I really think the Shepherd map is ideal, albeit from 1911- it shows what my Black map shows. Monsieurdl mon talk 23:13, 30 November 2009 (UTC)

Yes, Shepherd's maps are all over Wikipedia and although I didn't use Shepherd to build this map under discussion, Shepherd provides support for it. And thank you for mediating this, Monsieurdi -- it is much appreciated. MapMaster (talk) 23:45, 30 November 2009 (UTC)
No problem at all... getting it right is worth the effort. I just wish I had more sources in my library to help, but they seem to be weak on maps and strong on text in this instance. Monsieurdl mon talk 01:58, 1 December 2009 (UTC)
That Shepherd map is a childish simplification, full of mistakes and generalisations. How could you consider it as a legitimate source for creating a map? Do you consider that a map which claims 50% of central Anatolia is Muslim in 1097 is a legitimate source? (Probably 10% is about right). Do you consider that a map which shows 100% of Armenia and Georgia as Muslim in 1097 is a legitimate source? (A correct figure would be about 1%). From what fantasy-history textbook did Shepherd, 100 years ago, get the information that Caeserae and Melitene were "petty Armenian states"? Melitene, for example, was an Arab emirate until its 930s century capture by the Byzantines. After the collapse of central control from Constantinople after Manzikert, the local Byzantine administration continued to hold it until its capture by the Danishmendid Turks in about 1101. The population throughout those changes was almost entirely Syrian. I guess that Shepherd thought that it was a "petty Armenian state" because the Byzantine-appointed governor was an ethnic Armenian. A bit like MapMaster thinking that all of Anatolia was part of the Seljuk Empire because some individuals who happened to be ethnic Turks briefly ruled settlements like Smyrna. Also a bit like MapMaster assuming that because direct rule from Constantinople was disrupted, every bit of the empire should suddenly be considered as part of some other empire! The Greek-Orthodox Armenian governors of Melitene, Edessa, and Marash had all received and accepted the title of curopalates from the Byzantine emperor Alexius Comnenus - the territories they controlled were all still within that empire. And why does the territory of those "petty Armenian states" not include places actually held and ruled independently by Armenians, such as Lampron and its district, west of Tarsus and within what the map falsely claims to be Seljuk territory. From what fantasy history textbook did Shepherd get the information that Kars or Ani was part of the "Dominions of the Seljuk Turks"? Ani was under Shaddadid control from about 1072, and the Saddadids were not even Turks! From what fantasy history textbook did he get the idea that Abkhazia was part of the "Dominions of the Seljuk Turks"? Meowy 20:11, 3 December 2009 (UTC)

Turko-Persian v2[edit]

I have doubts whether there is actually a published source where this matter is directly addressed, so some sort of interpretation of sourced material seems to be needed here. My position: The Great Seljuq Empire is what's defined as Turko-Persian by the sources, and the Seljuq dynasty itself is basically considered the Turkish part of this Turko-Persian entity. That's why the Seljuq dynasty is casually defined as Turkish dynasty by Encyclopedia Brittanica and that's why they are also synonymously referred to as Seljuq Turks, but never as Seljuq Persians.

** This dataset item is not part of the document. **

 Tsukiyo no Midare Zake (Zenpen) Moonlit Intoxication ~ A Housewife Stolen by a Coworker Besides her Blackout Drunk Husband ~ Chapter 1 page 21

Similarly, the term, Persianate, seems to be used exclusively in the context of an entire society (i.e. Persianate society) by the academic community. So I will argue it's technically inaccurate to attach it to a dynasty, which is essentially a family.

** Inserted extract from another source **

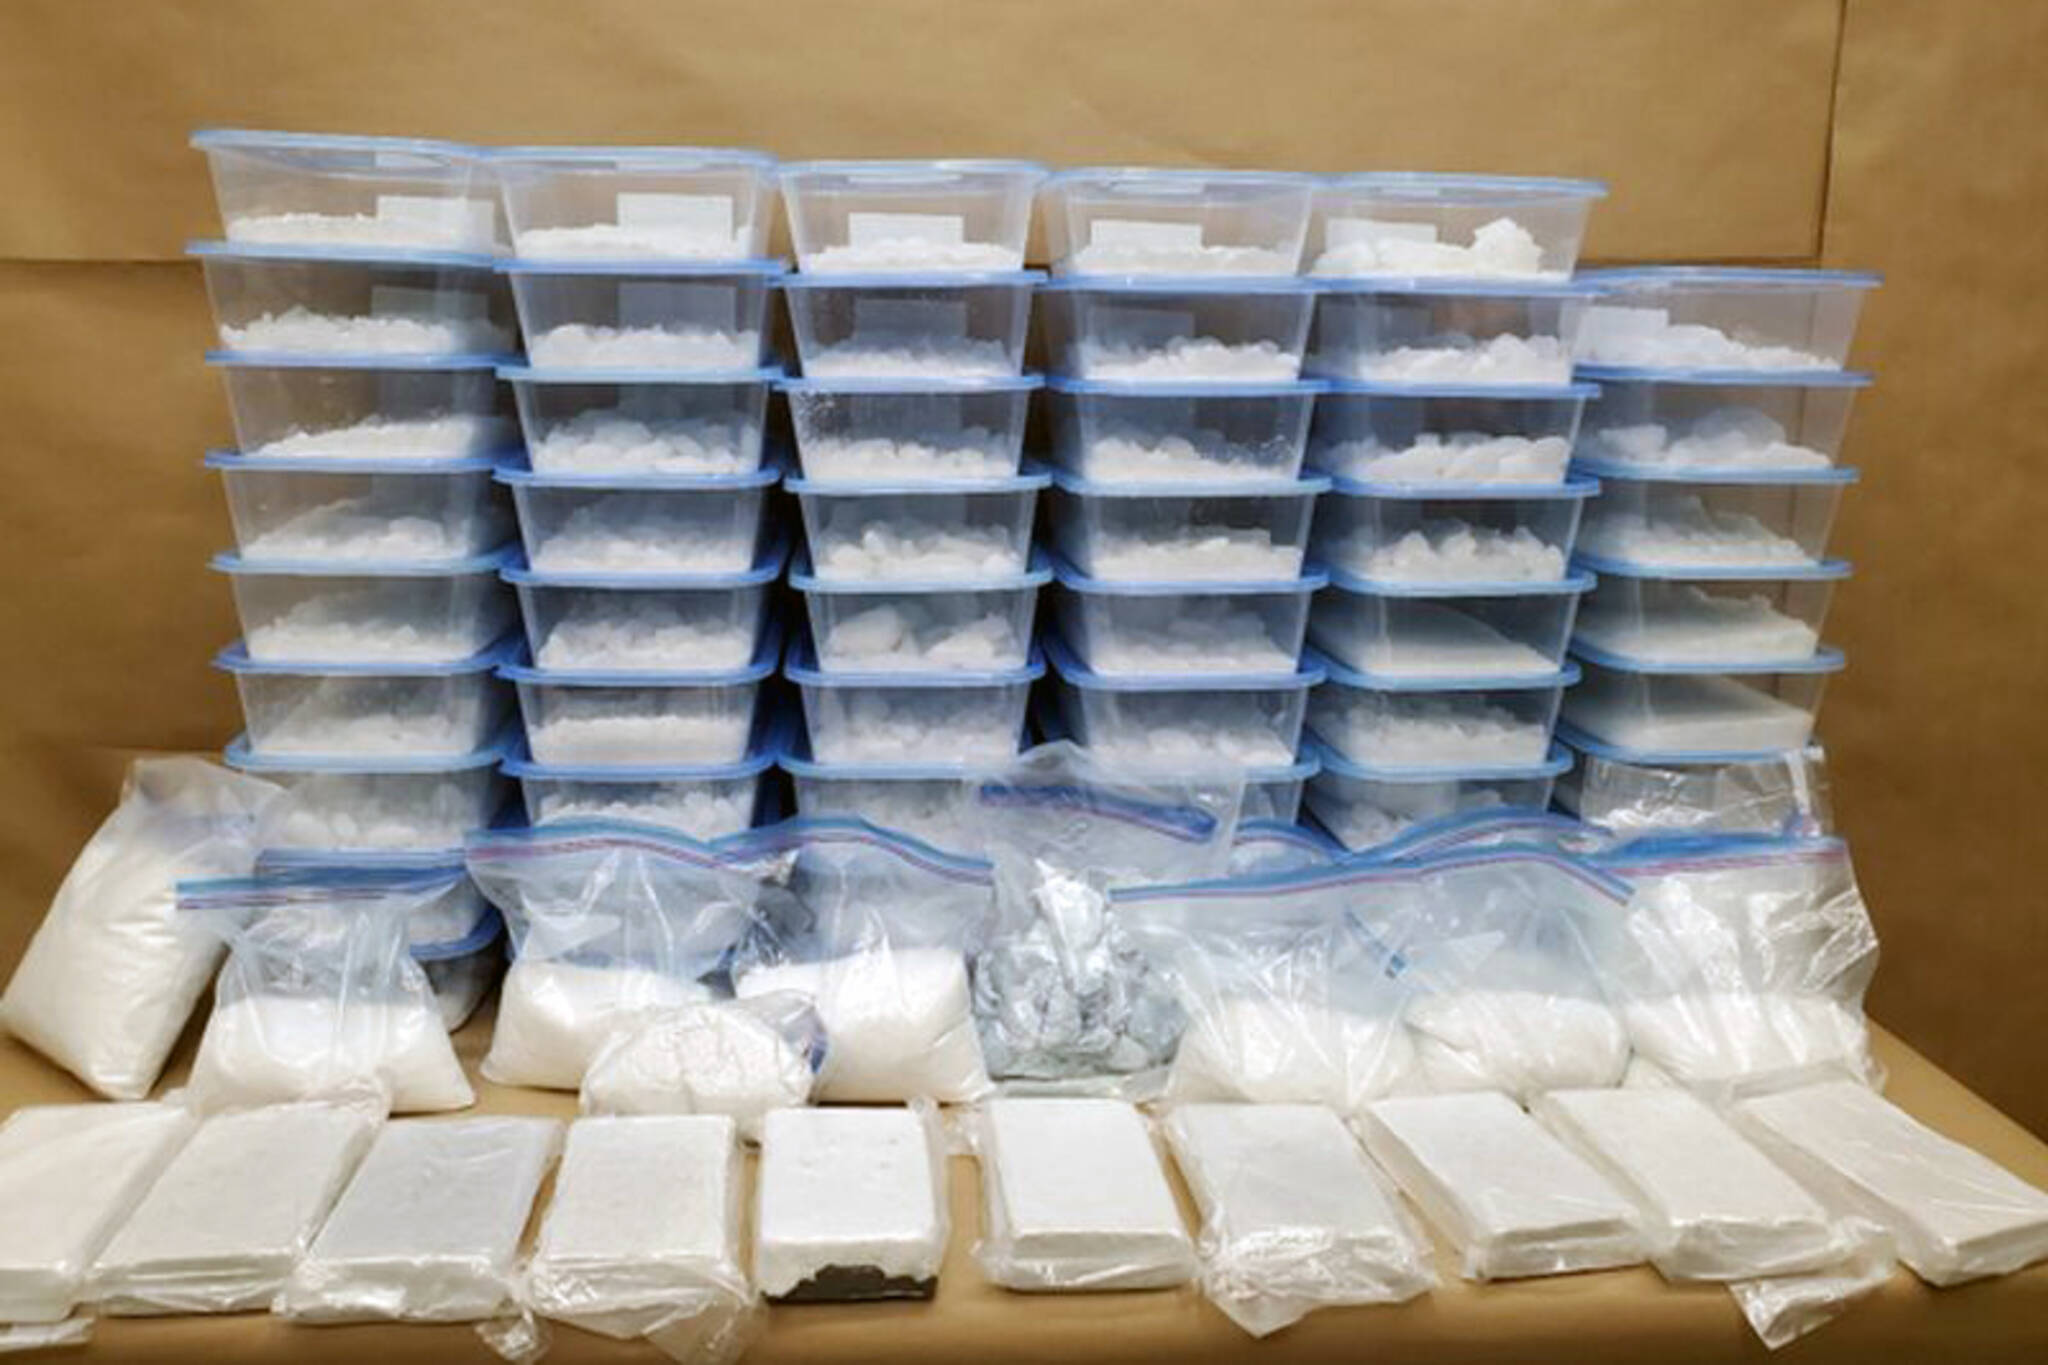 Massive Toronto bust nets 17M worth of cocaine and other drugs

My proposition for the first two sentences is as follow:

The House of Seljuq (Persian: سلجوقيان‎ Saljūqīyān; Turkish: Selçuklular) was a Turkish Sunni Muslim dynasty, originating from the Qynyq branch of Oghuz Turks. They were one of the patrons of the Turko-Persian tradition in the medieval West and Central Asia.

Regards. --Mttll (talk) 03:46, 26 September 2012 (UTC)

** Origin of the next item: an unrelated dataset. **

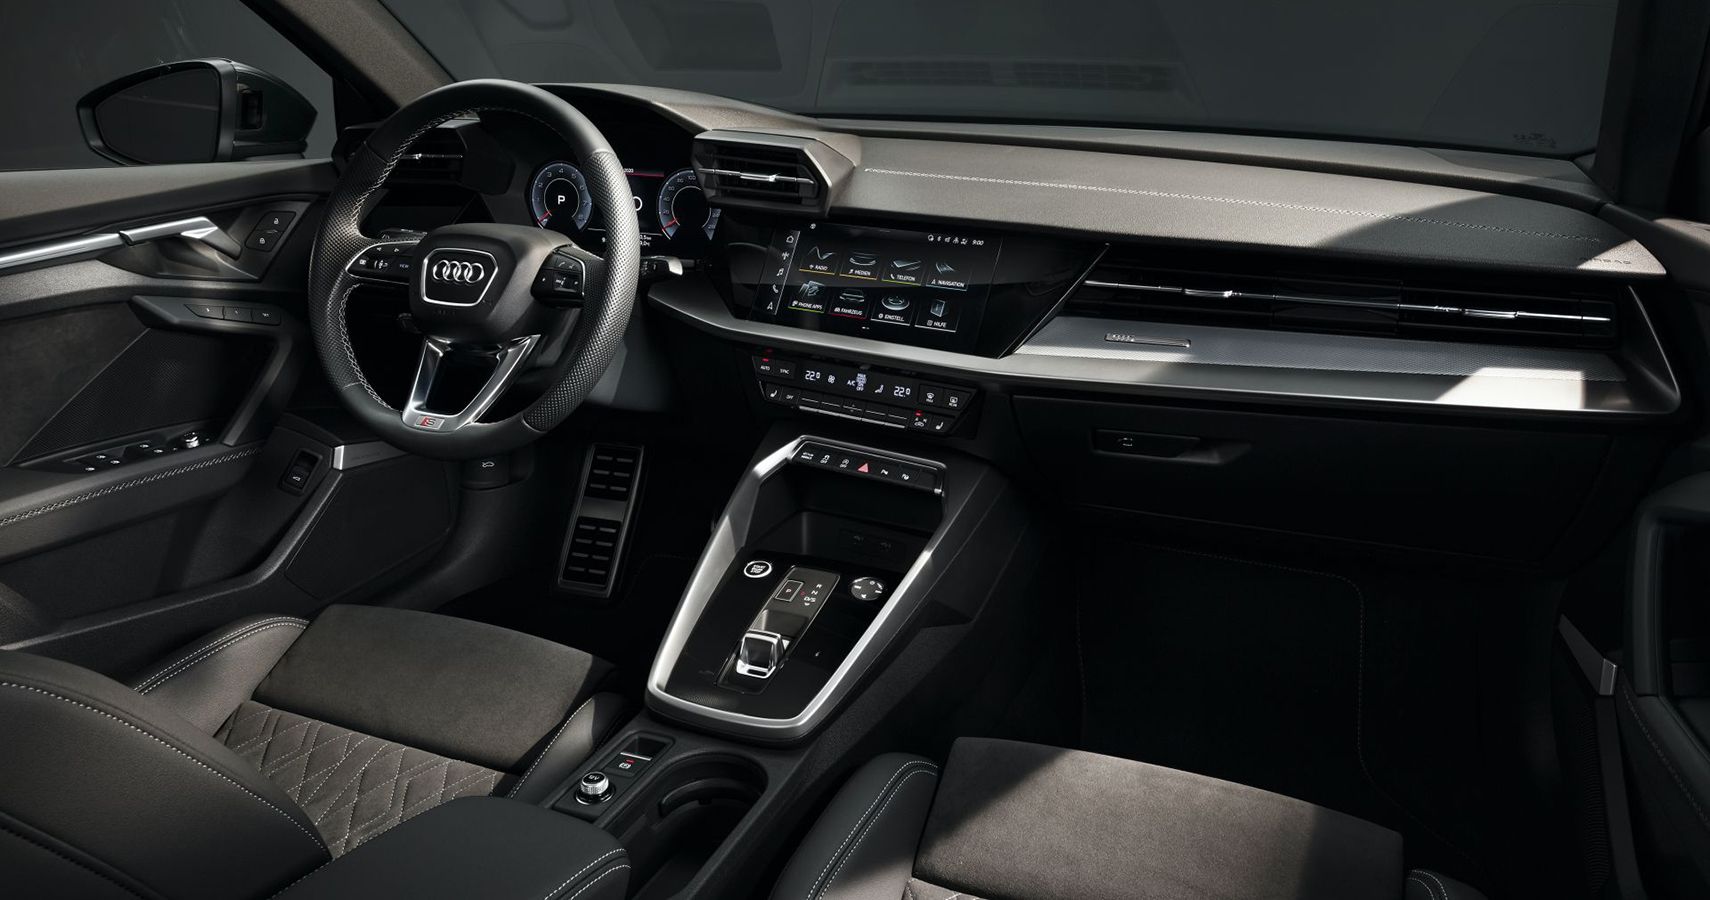 The A3’s Styling Is Now More Staid From The Inside, Taking Cues From The Larger A4 Sedan With A Little More Personality

Several examples from Google Books to illustrate my point:

On the dynasty...

  • "... reached Anatolia (Rūm, hence the surname Rūmī), a region that enjoyed peace and prosperity under the rule of the Turkish Seljuq dynasty." (The 100 Most Influential Writers of All Time)
  • "... under the rule of the Turkish Seljuq dynasty." (Merriam-Webster's Encyclopedia of World Religions)
  • "In the eleventh century, the Turkish Seljuk dynasty conquered Baghdad and won the title of sultan, or ruler, from its caliph (p. 204)." (A Brief History of the Western World)

On the empire...

  • "After the Mongols defeated the Seljuk armies in 1243, the Seljuk Turko-Persian Empire slowly crumbled" (Nations That Evolved From The Five Sons of Shem)
  • "...dates to the rise of the Seljuk dynasty in the Turco-Persian Empire in 1037." (Encyclopedia of the Literature of Empire)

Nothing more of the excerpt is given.